I am looking through some old code bases and have come across two regular expression parts that I think are semantically identical. Wondering it the Stackoverflow community can confirm my understanding.

RegEx 1: (.+?) - One or more characters, but optional

RegEx 2: (.*) - Zero or more characters

I keep thinking of different scenarios but can't think of any input where both expressions wouldn't be the same.

Machavity
  • 30,841
  • 27
  • 92
  • 100
Babak Naffas
  • 12,395
  • 3
  • 34
  • 49

2 Answers2

7

(.+?) means match one or more character, but instead of the default greedy matching (match as much as possible), the ? after the quantifier makes the matching lazy (match as few as possible).
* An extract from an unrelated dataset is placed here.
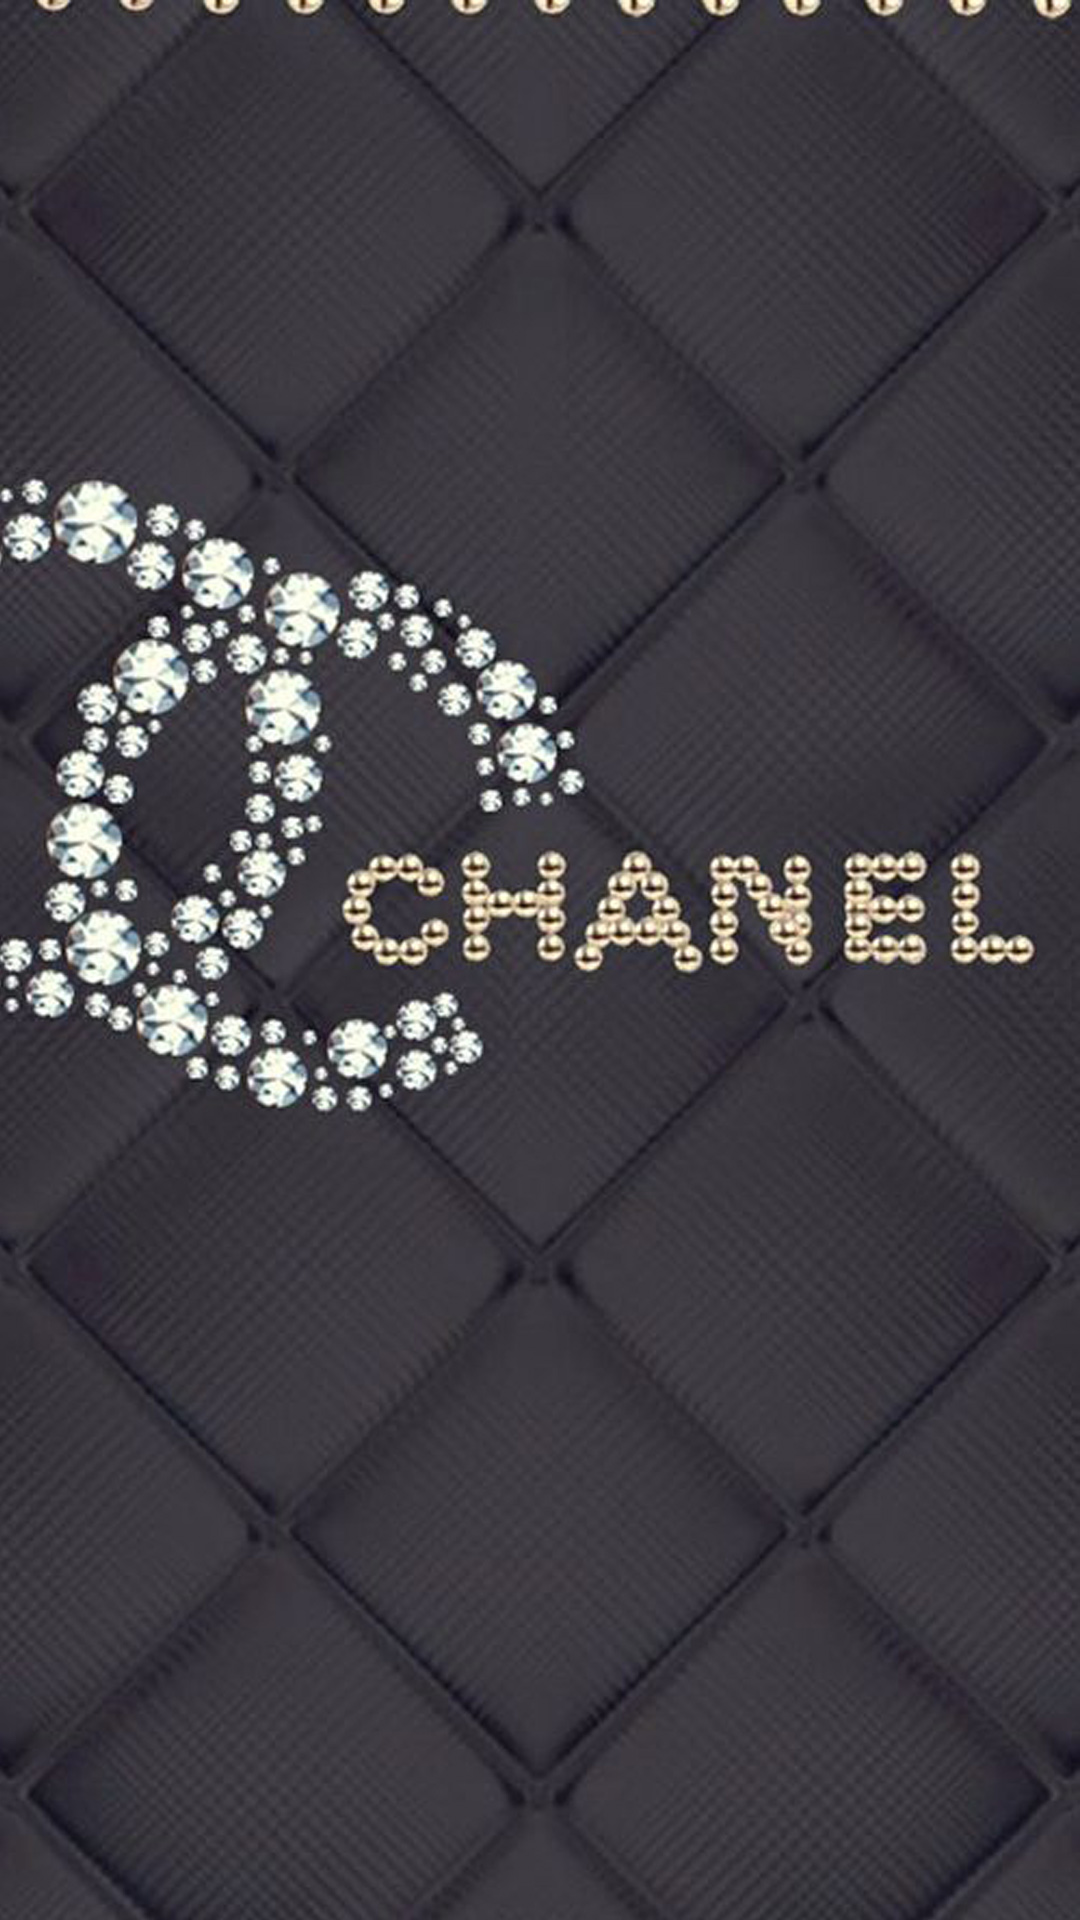 Chanel Iphone Wallpapers Hd Pixelstalk Net

Conceptually, greedy matching will first try the longest possible sequence that can be formed by the pattern inside, then gradually reduce the length of the sequence as the engine backtracks. Lazy matching will first try the shortest possible sequence that can be formed by the pattern inside, then gradually increase the length of the sequence as the engine backtracks.

Therefore, (.+?) and (.*) are completely different. Given a string "abc", the pattern (.+?) will match "a" for the first match, while (.*) will match "abc" for the first match.

When you correct the pattern to the intended meaning: ((?:.+)?), it is exactly the same as (.*) in behavior. Since quantifier is greedy by default, ((?:.+)?) will first try the case of .+ before attempting the case of empty string. And .+ will try the longest sequence before the 1 character sequence. Therefore, the effect of ((?:.+)?) is exactly the same as (.*): it will find the longest sequence and backtrack gradually to the case of empty string.

nhahtdh
  • 55,989
  • 15
  • 126
  • 162
3

First,

. is any character

Next

* is zero or more
+ is one or more 
? is one or zero

You're thinking that .+? is one or more of any character and 0 or 1 of them I'm guessing? You're missing this:

Lazy modifier

*? is zero or more getting as few as possible
+? is one or more getting as few as possible

See here for further discussion Greedy vs. Reluctant vs. Possessive Quantifiers

Community
  • 1
  • 1
JasonG
  • 5,794
  • 4
  • 39
  • 67